In practice however, building a binary package results in a different file each time. This is mostly due to timestamps stored in the builds. They may be due to any number of differences in the build environment. If these can be eliminated, the builds will be more predictable. Binary package would need to contain a description of the environment in which they were built. Compiling software is resource intensive and it is valuable to have someone compile software for you. Unless it is possible to verify that compiled software corresponds to the source code it claims to correspond to, one has to trust the service that compiles the software.

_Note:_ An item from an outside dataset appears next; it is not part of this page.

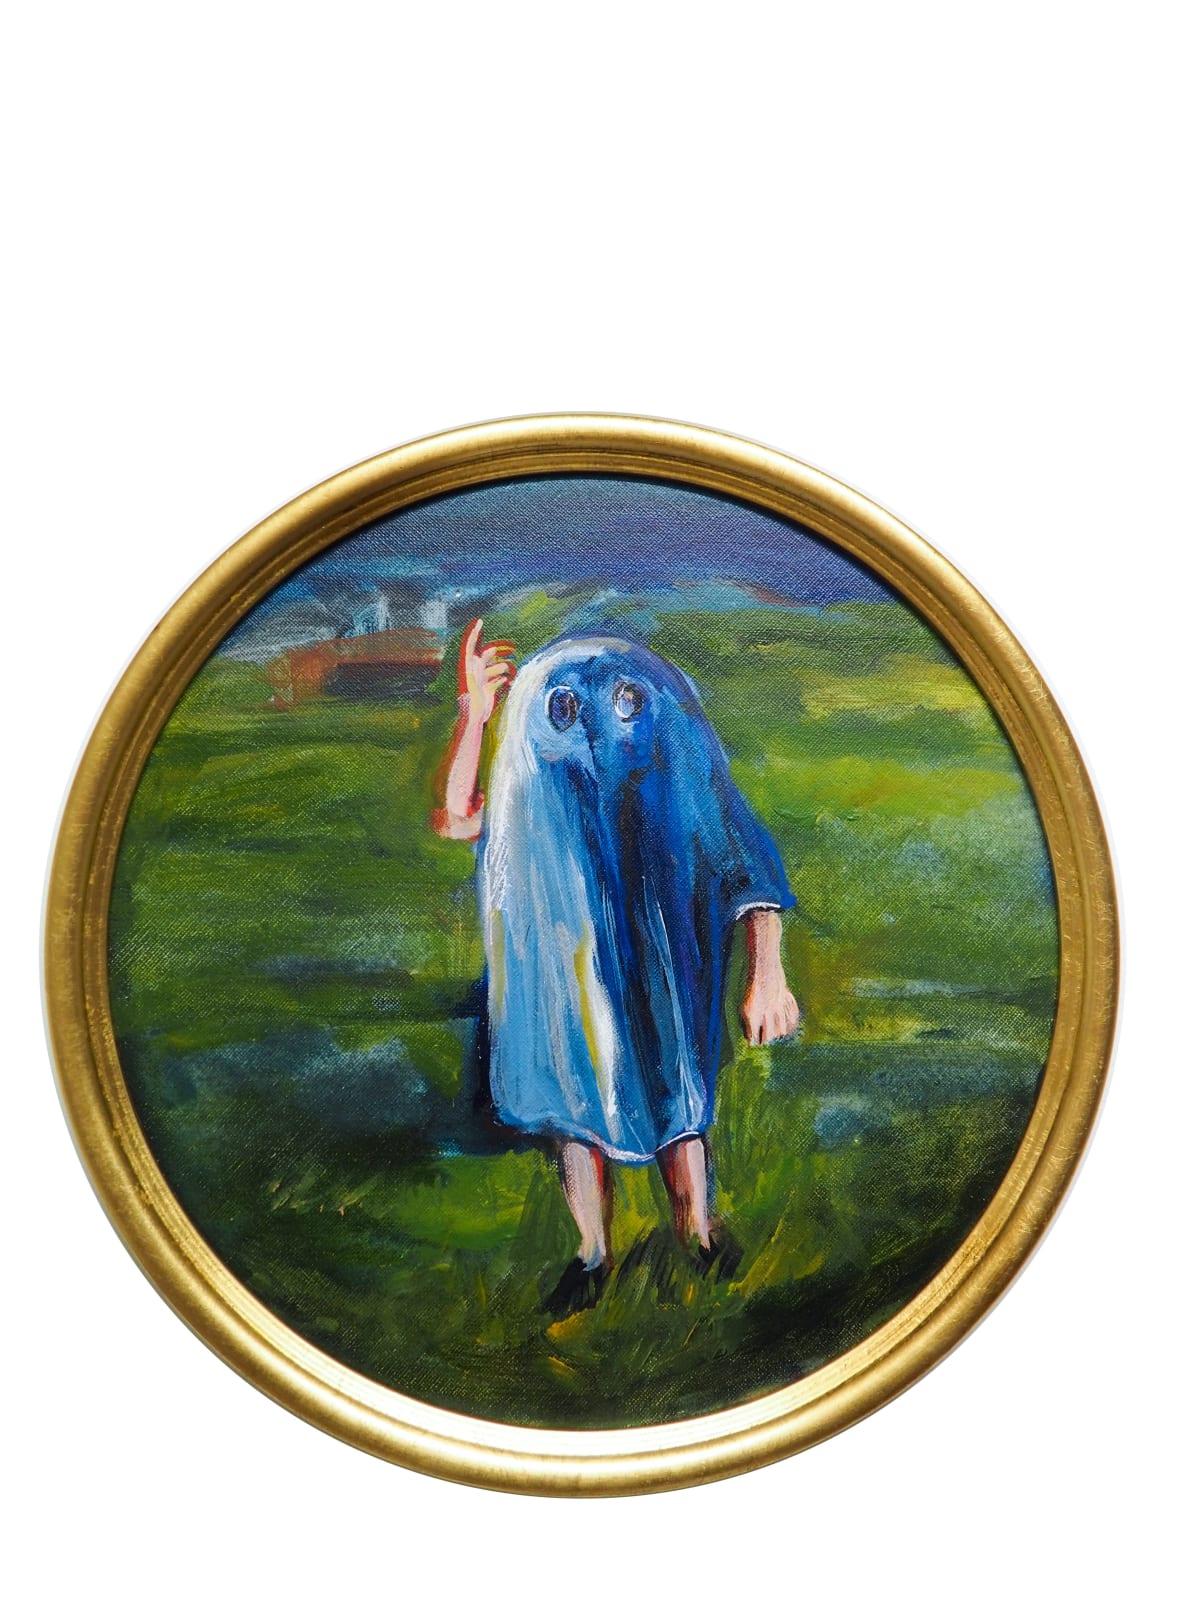 Yassine Balbzioui, freindly, 2018 Oil on board 33 cm (framed)

Based on a test with a simple package, tar, there is hope that with relatively minor changes to the build tools it is possible to make bit perfect builds. One advantage of the Open Build Service has is that it documents the build environment and allows you to recreate it relatively precisely not exactly though OBS handles building the debuginfo packages so I'm guessing this is why rpmbuild didn't strip the how to create binary package from source code.
On slashdot, an anonymous coward noted also that osc is the tool of choice and even claimed to have gotten identical builds. I have not yet verified that, but it sounds great. The mentioned package, build-compare, has some scripts that are meant to compare package whilst ignoring variable parts of the build.
It's not mandatory or anything, of how to create binary package from source code It builds using a chroot, I believe, so it does indeed probably lead to very close or identical results. It is of course limited to building for the architecture of how to create binary package from source code system it is on, OBS does not have that problem as it uses clean VM's each time it builds.
That makes builds even more reliable and easy to perfectly reproduce.